Caidin shook her head. “No, I haven’t even talked to him. I asked Sergeant Gordon to tell him to do whatever he had to do, square himself away with the Army and the police before he got in touch with me. But I did hear his voice. I listened in when he was calling from Frankfurt.” She laughed softly. “He didn’t ask for me. I’m not even sure he plans to call...”

“Would you like to have the baby?”

“I don’t know,” Bonnie Caidin said. “I’m not sure I want to love anything for a while. Right now I can’t be sure what’s truth and what’s fantasy.
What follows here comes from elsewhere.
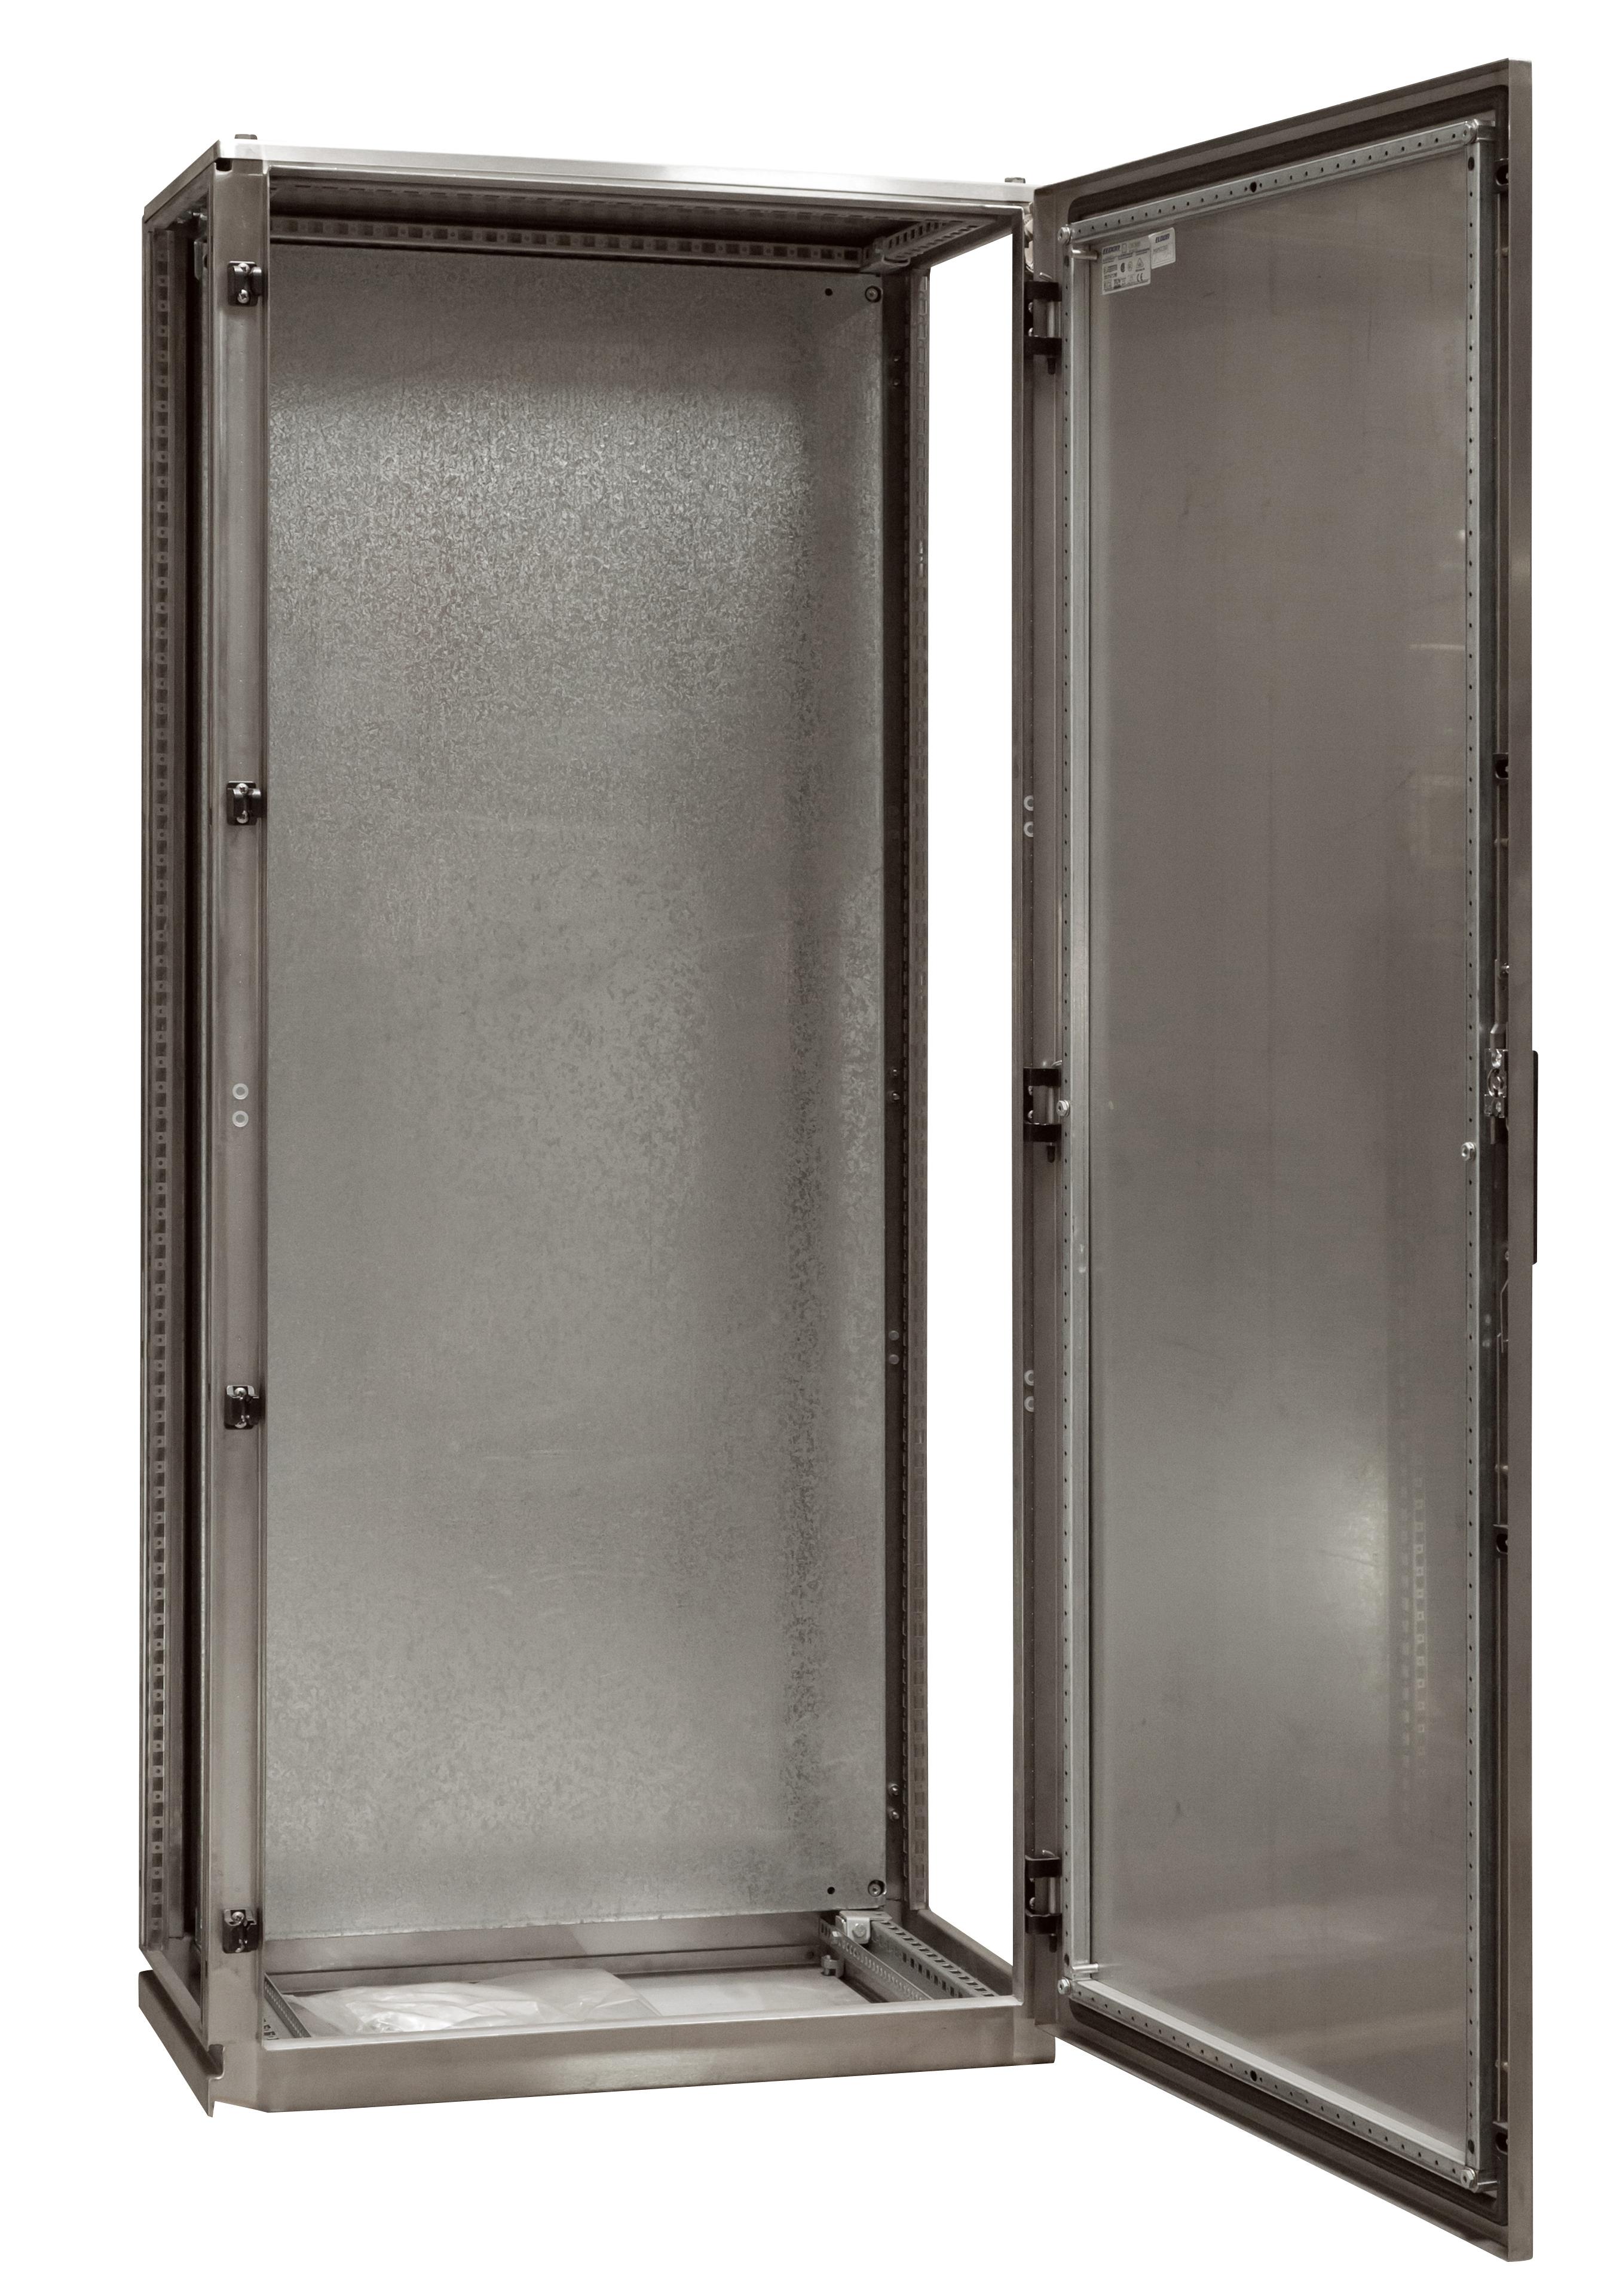 1 Stk Anreihschrank Edelstahl 1-türig, 1800x1000x500mm, AISI 304L ASR181050-
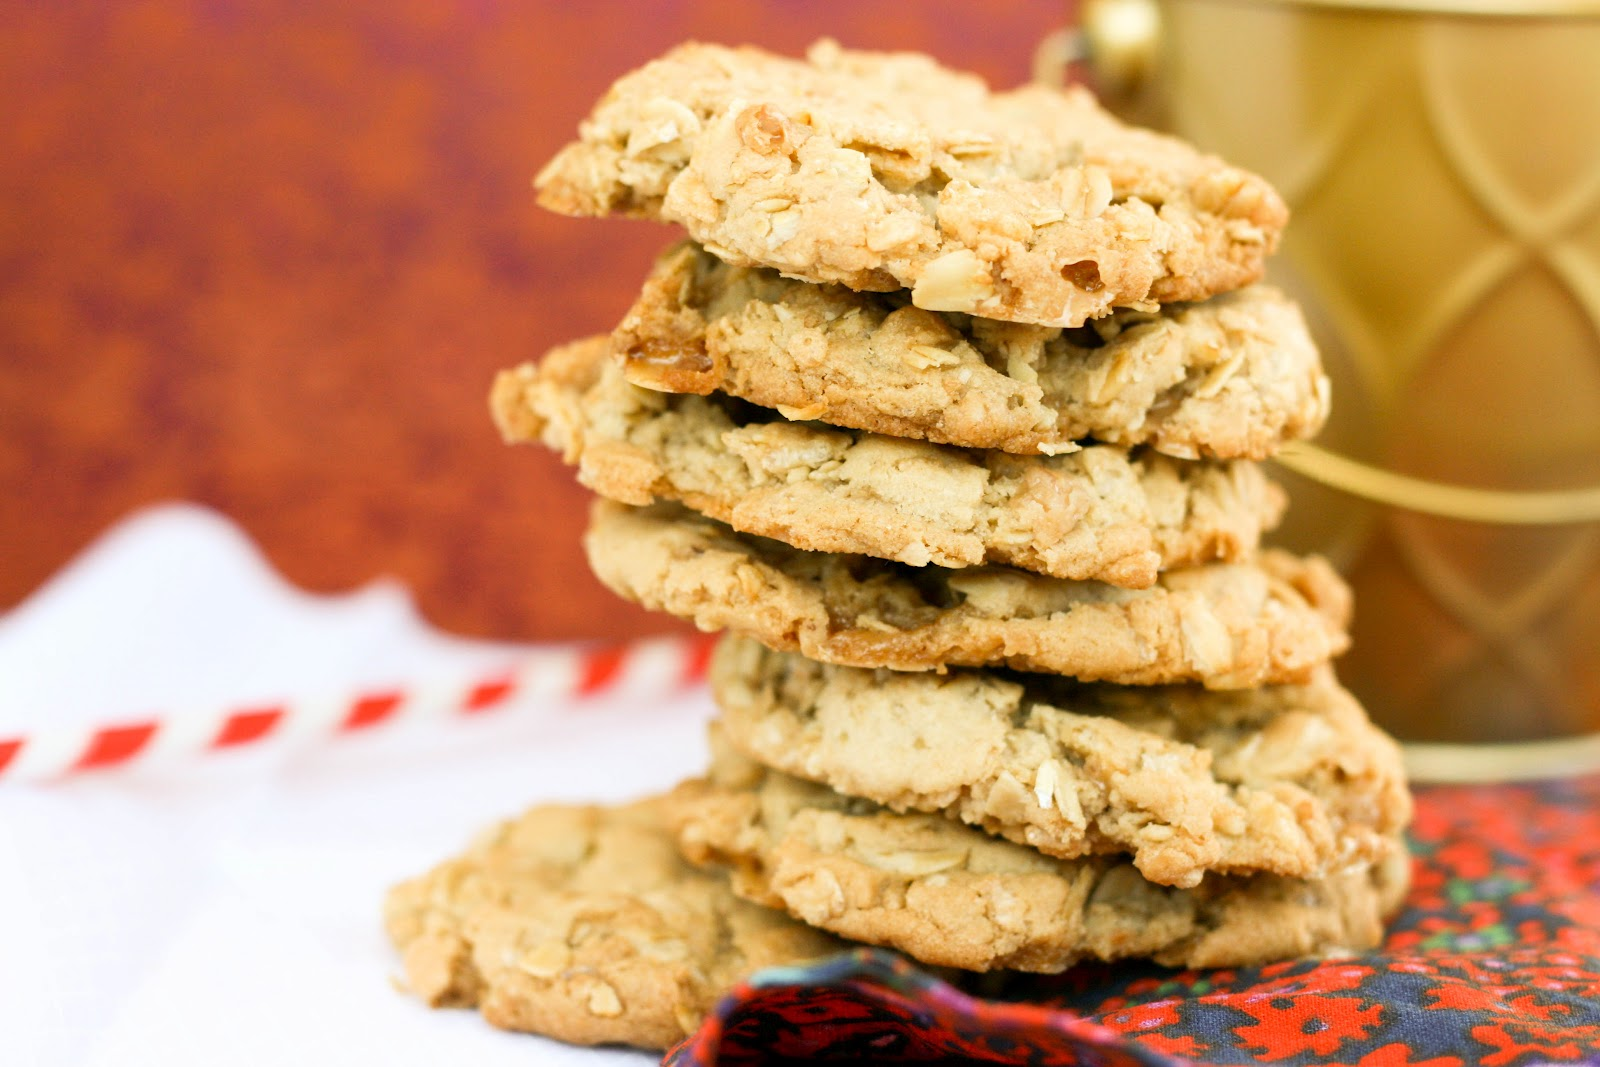 Crispy Oatmeal Toffee Cookies | Krissy's Creations

Sometimes I think I just imagined the past... my brothers, Mark and even Duro.”

It was dusk and lights from the Weir farmhouse laid flat squares of yellow on the gravel driveway when they reached the front door. Laura declined the invitation to come in for a drink.

“To tell you the truth, Bonnie, I want to go home and write a letter to Scotty. I feel better about him when I stay in touch.”

“But you told me you called the hospital twice.”

“Three times, actually, but I just get to talk to the floor orderly. He tells me Scotty’s doing just fine, seeing no one except his doctors. You’d think at my age I could make up my mind,” she said, “but I’ve been arguing with myself whether or not I should fly over to Frankfurt. Or at least fly over to bring him home when he’s fit.”

“Why don’t you? I think he’d love that.”

“And then again he might not,” Laura said. “We’re old, old friends, and good friends, and I know how I feel about him, but he’s stubborn, you know. I wouldn’t want to rile him. I’ve got a hunch Scotty Weir’d rather find his own way home.”

“There’s a number for you to call in Chicago, Miss Bonnie. It’s Sergeant Gordon. He tried to reach you three times. Can I bring you a pot of tea? You haven’t eaten a bite today.”

“Tea would be just fine,” she said. “Tea with lots of sugar and dry toast.”

Grimes hesitated and the skin above his collar flushed red as he spoke. “You’ll forgive me, Miss Bonnie, but is it Mark’s boy you’re carrying?”

“No, Grimes,” she said, “it isn’t. That just wasn’t meant to be, Mark and I.”

“The general would’ve been pleased,” the man said. “We’d have made a fine pair of grandfathers, don’t you think? Jesus, we’d have carried on...”

Bonnie Caidin sat at the general’s desk and picked up the phone pad with Grimes’ writing on it.

Gordon answered at once in a voice so booming, so vibrant that she said, “Doobie, what is it? Have you been drinking?”

“Drinking, hell, Bonnie. I’m just on one big success high. When you get to the bottom of a case as deep and rotten as this one, it’s like sniffing pure oxygen. Get your pencil ready, lady.”

“Doobie,” she said, “I’m off duty. I haven’t even called the office since Grimes drove me down here.”

“Don’t give me that, Bonnie. You’re too pro to turn down a byline on something like this. The whole city is upside down, I’ve had a hard time protecting it for you, but remember, Mark said this would be your story.”